(EurActiv) — France’s François Hollande and Germany’s Angela Merkel broadly agreed on a roadmap for deepening the economic and monetary union (EMU) during a two-day summit, which ended in Brussels Friday. But they described new contractual schemes to support economic reforms in eurozone states in characteristically contrasting terms.
Both leaders endorsed the objective of agreeing proposals for bank recovery, resolution and deposit guarantee schemes directives by the end of March 2013, with the EU Parliament due to adopt them before June 2013.
Their acceptance of the timeline belied a strong difference of interpretation on the issue of bank recapitalisation by the European Central Bank, however.
Back in June, Germany agreed that the establishment of a single supervisory mechanism for Europe’s banks would enable the European Central Bank to tap Europe’s rescue fund – the European Stability Mechanism – to recapitalise troubled banks. The move was widely seen as a victory for Spain an Italy.
However, Merkel insists that the ECB must be fully established in its supervisory role before being permitted to allot rescue cash. The aim is to have the resolution mechanism and the deposit guarantees all in place by the beginning of 2014.

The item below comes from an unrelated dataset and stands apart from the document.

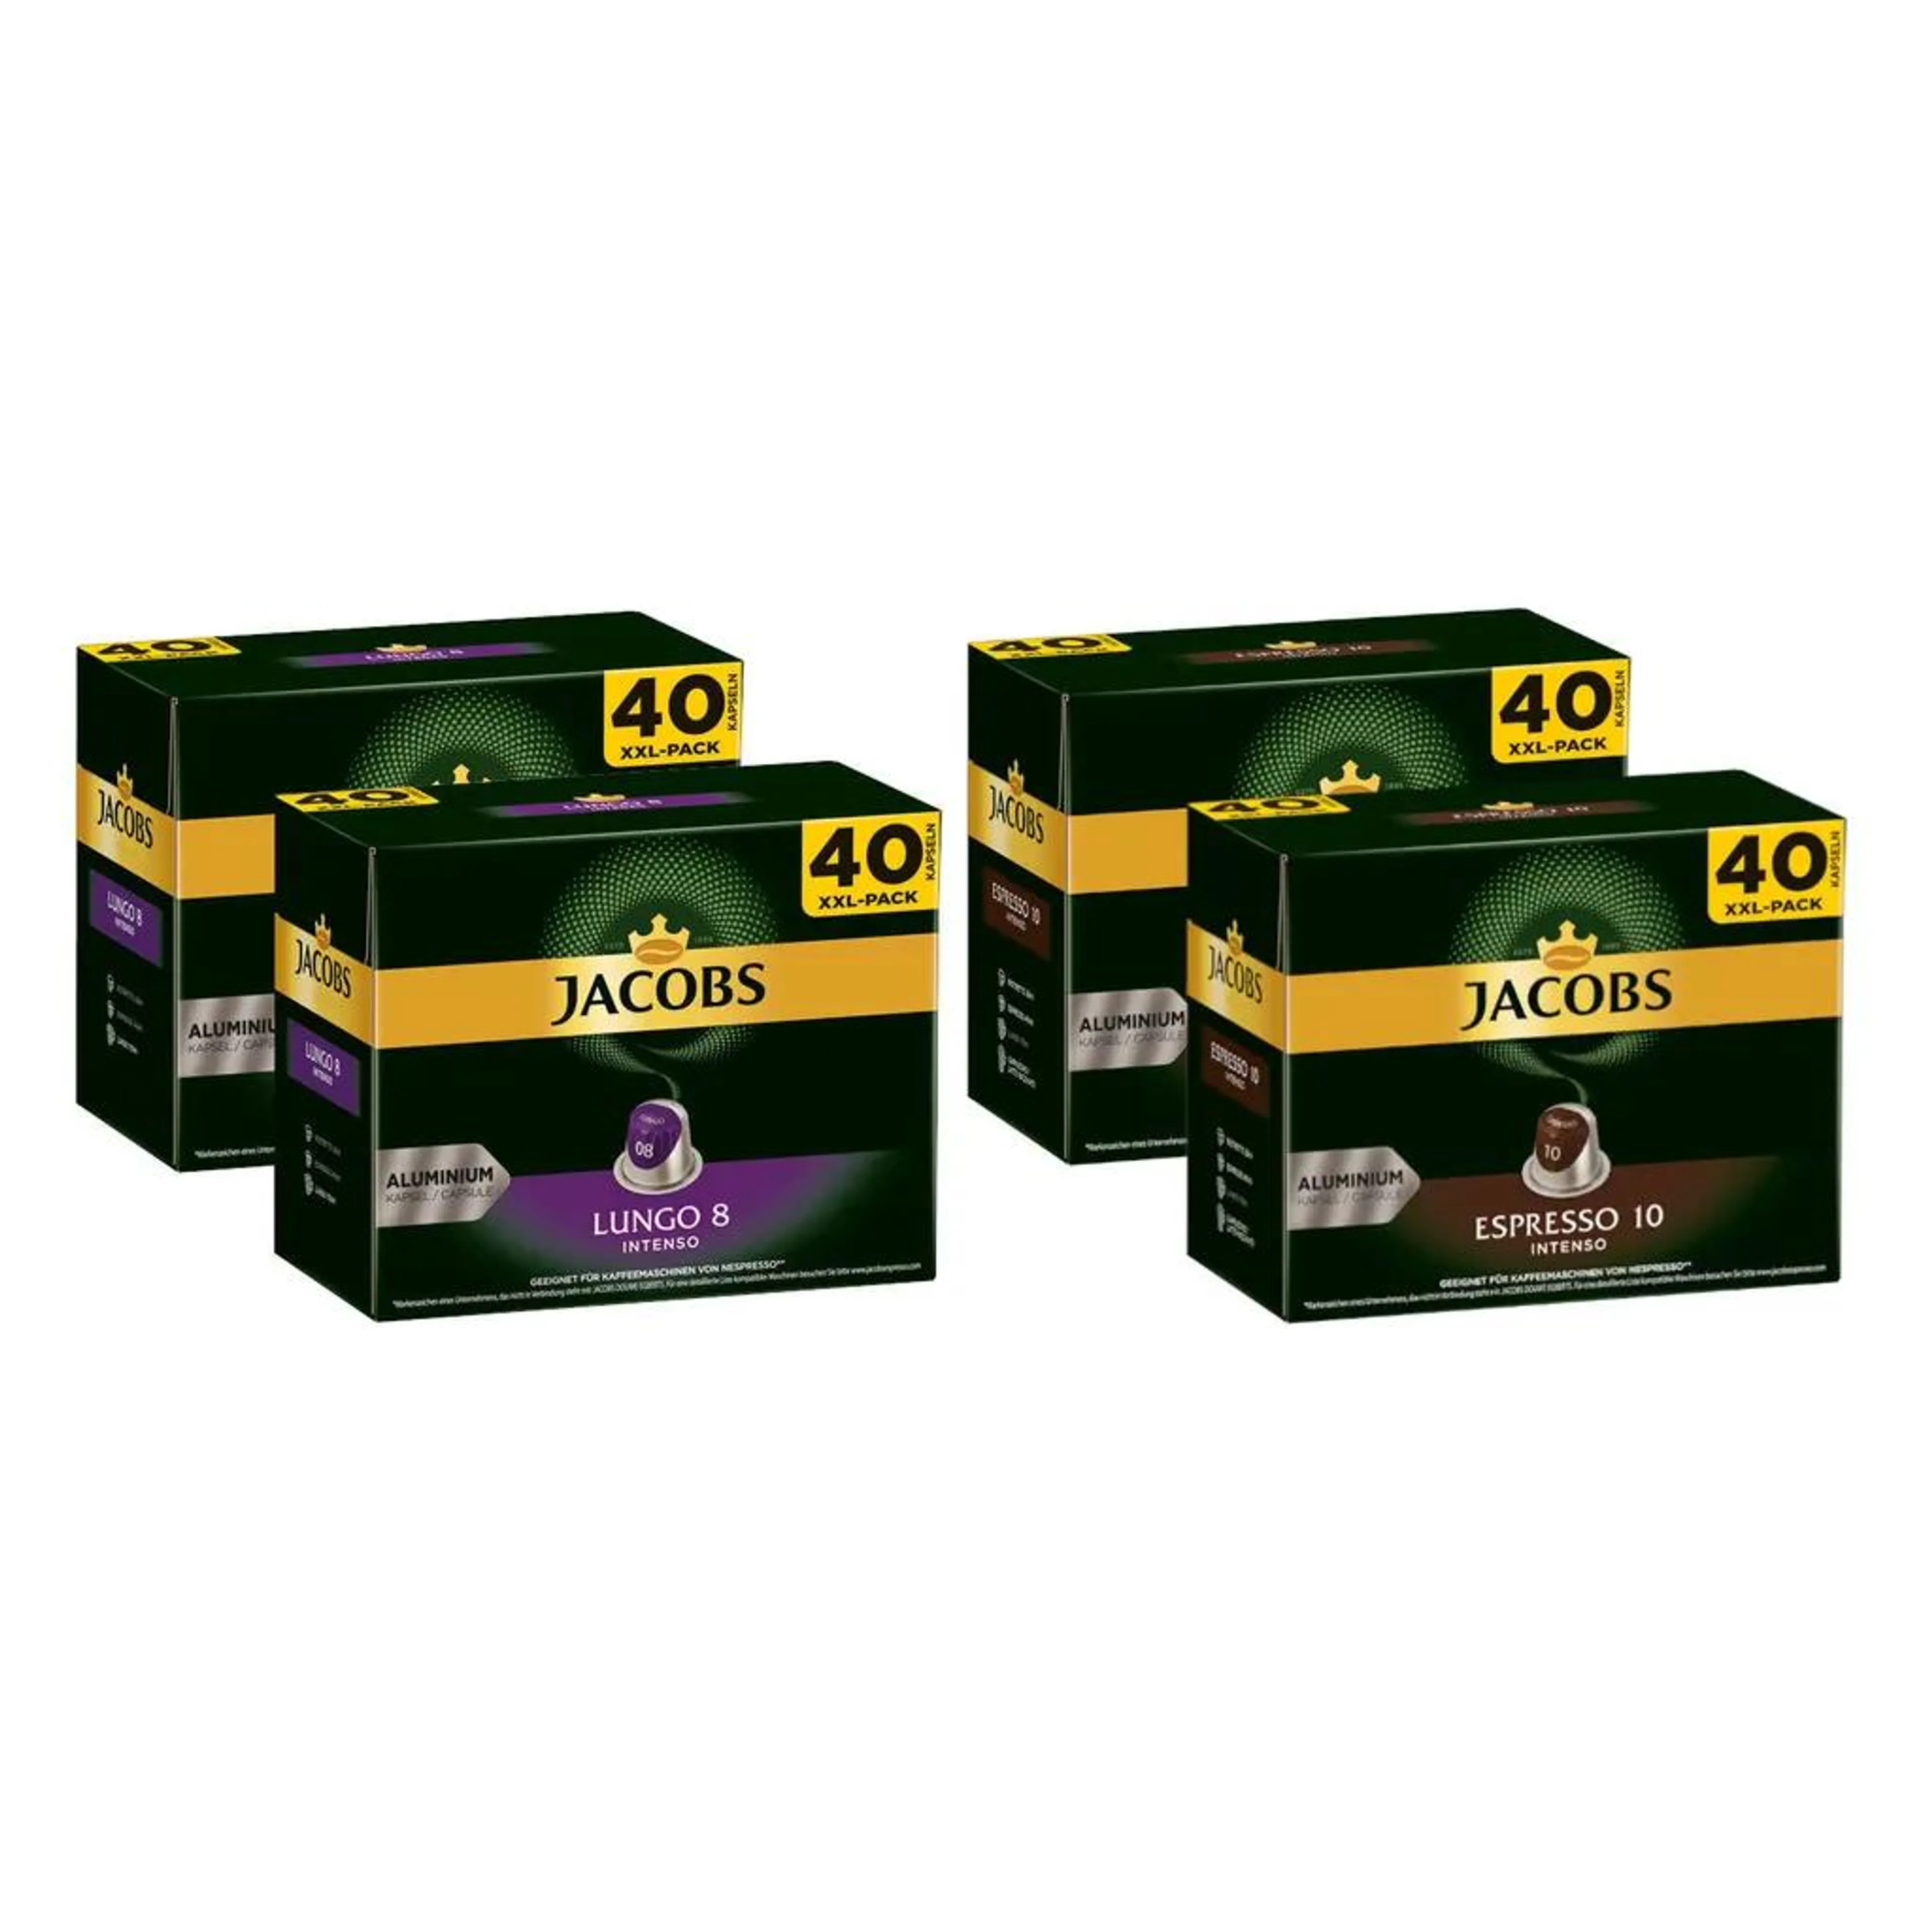 JACOBS Kapseln Nespresso®* kompatibel 2 x 40 Lungo 8 Intenso + 2 x 40 Espresso 10 Intenso XXL-Pack - insgesamt 160 Getränke

Two further moves for deepening economic integration in the euro zone will not take place until at least that date.
First, there is no question that any of the longer-term EMU changes – such as a likely proposal for a European budgets minister – would appear before that date, since these may require treaty change.
No proposals for treaty change will be entertained before the European Parliamentary elections set for June 2014.
Values and duties
Also to be introduced in 2014 are “mutually agreed contracts for competitiveness and growth,” which were laid down in today’s EU summit conclusions.

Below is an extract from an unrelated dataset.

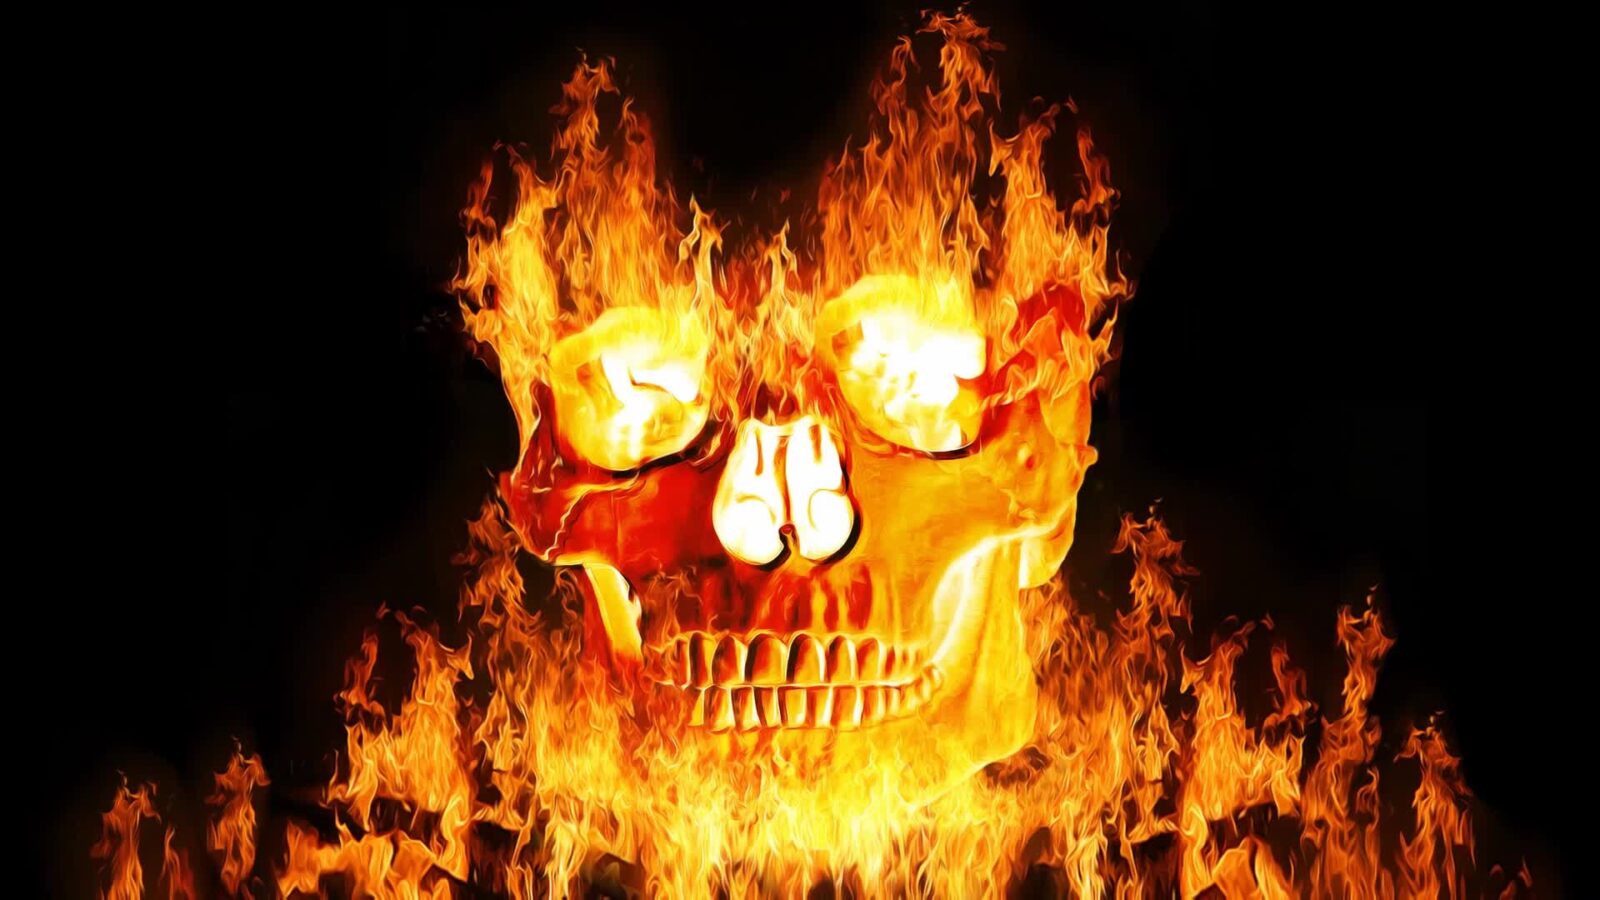 Skull Fire Flame Horror - Animated Live Wallpaper - Live Desktop Wallpapers

Along the leaders’ thinking, such agreements would be designed to promote structural reforms in eurozone member countries – even when they are neither running excessive deficits nor in financial difficulties – with the reward of financial incentives.
European Council President Herman Van Rompuy was asked to flesh out proposals for the June EU summit but some details surrounding these instruments appear to be agreed between Europe’s two biggest players.

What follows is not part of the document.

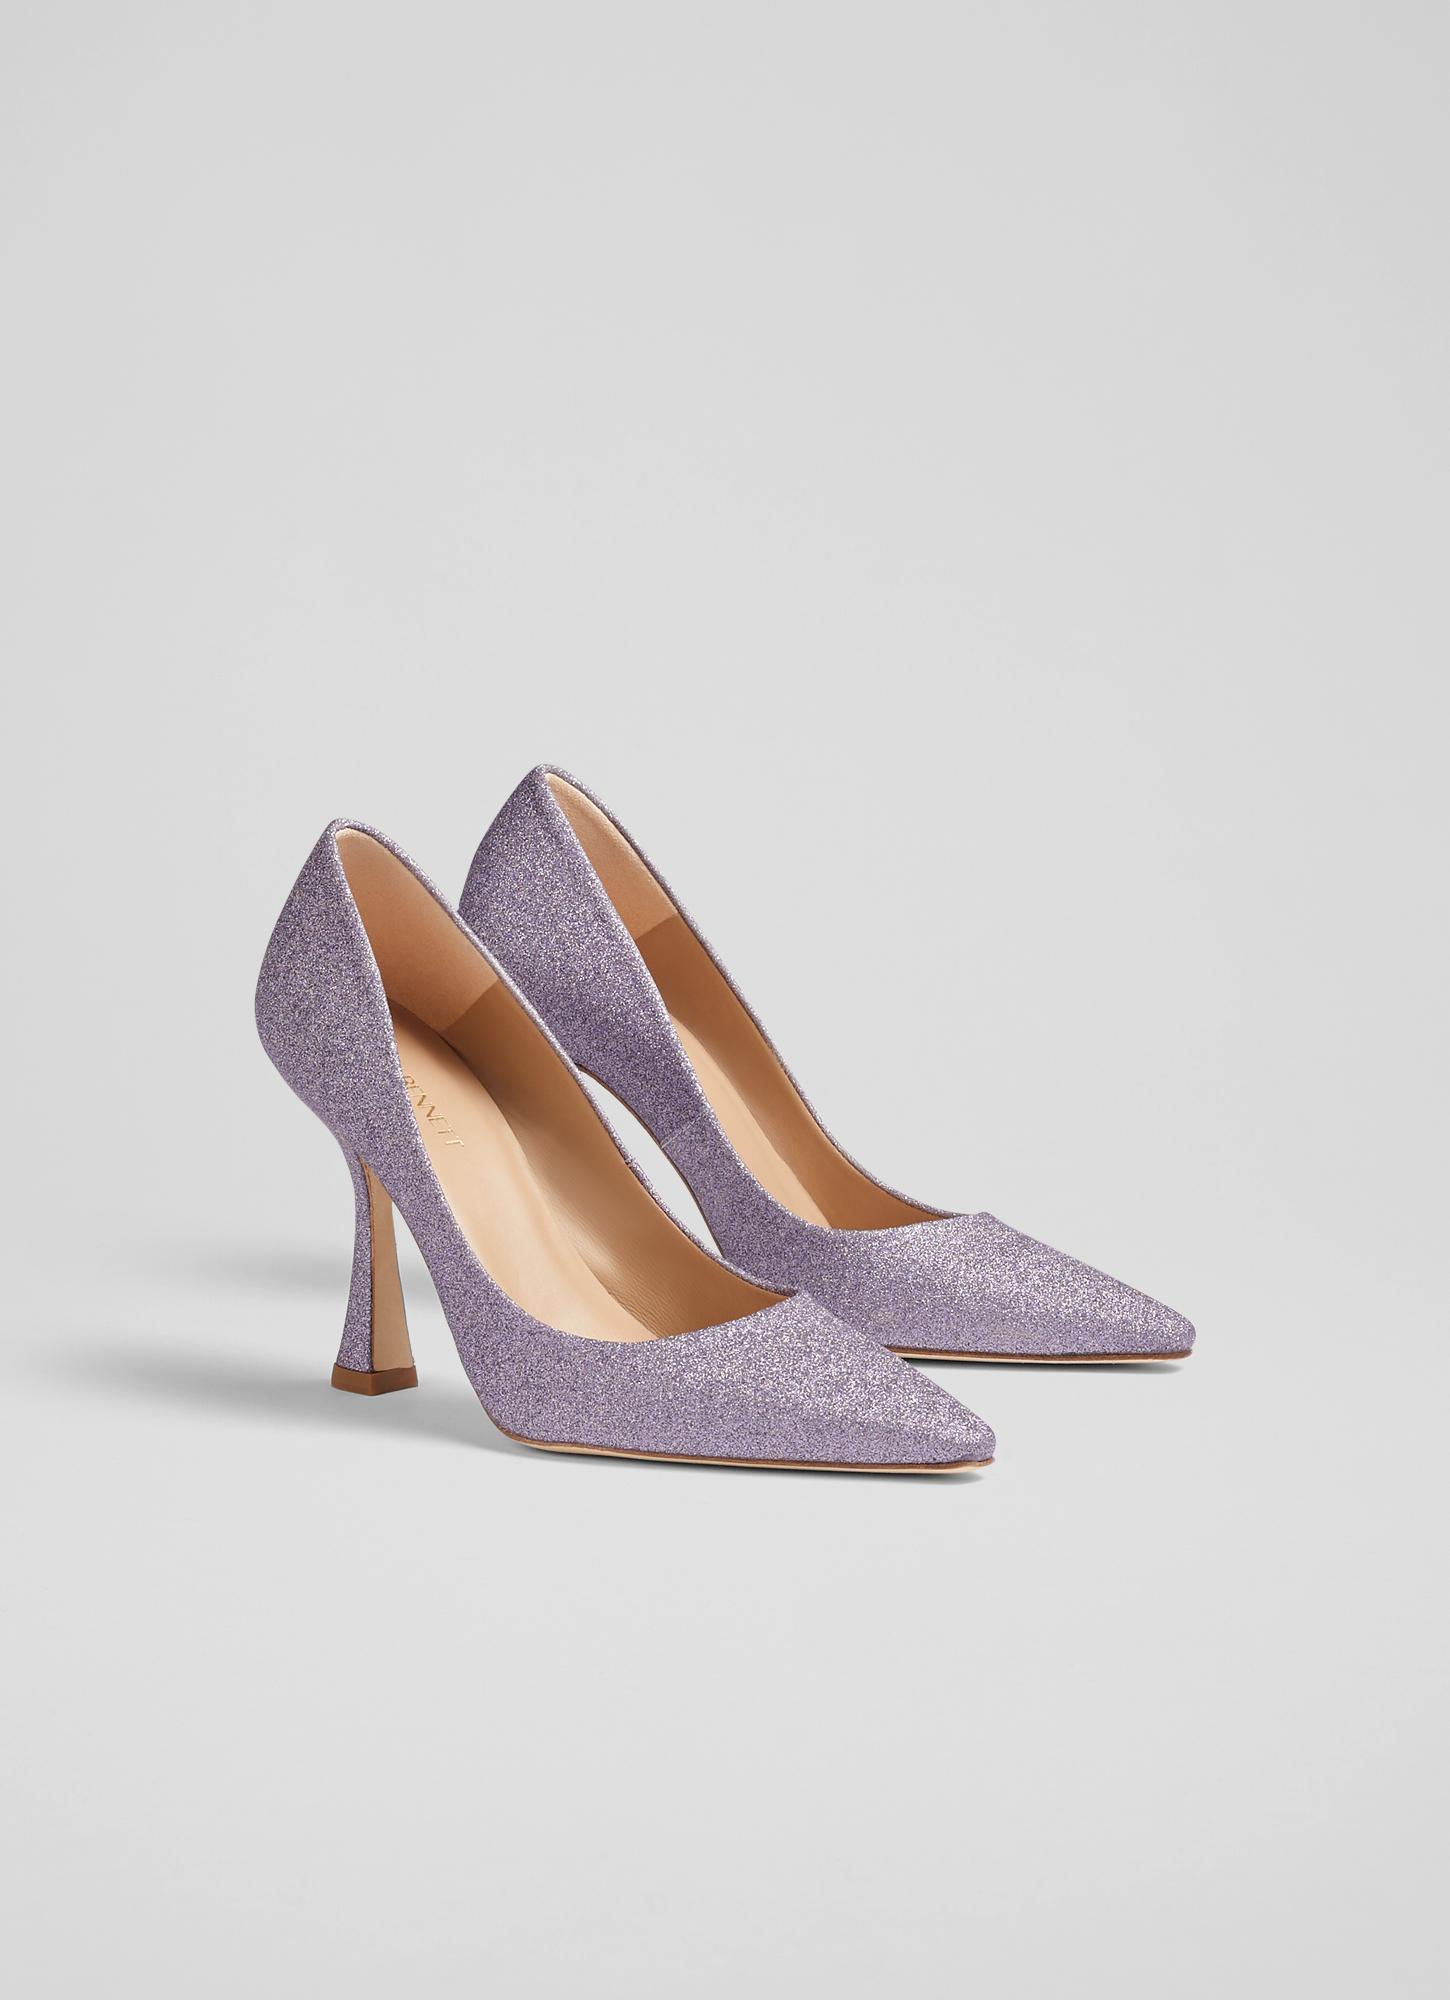 AMESTERDAM - LILAC | Lilac heels, Purple heeled sandals, Mint high heels

Maintaining her reputation as an upholder of the values of duties, Merkel emphasised the degree to which these contracts could boost competitiveness, but understated the amount of “fiscal capacity” that might be on offer as a result by way of reward.
Such a sum was not intended to be more than between €10 and €20 billion, she said, suggesting the money might be raised from the financial transaction tax, structural funds or other “own resources” within the EU budget.
In turn, Hollande lived up to his reputation for stressing “solidarity” over fiscal obligations – a key strain to his anti-austerity message – and underlined that such contracts would be voluntary.
According to the summit conclusions, the reforms implemented under the competitiveness contracts would be supported by “solidarity mechanisms that can enhance the efforts made by the member states”.
Since European institutions lack the competence to lay out contract terms in a range of fiscal issues – say pensions rights for example – such contracts will only be binding on member states to the extent they wish them to be, Hollande suggested.
He added that some states would probably refuse to sign such contracts, and added that he was personally in favour of them, when they came with “solidarity tools or incentives”.
Hollande said that he and Merkel had discussed the contracts and had come to a compromise that worked, but judging from their differing presentation of the idea, they are likely to be the subject of much debate behind the scenes.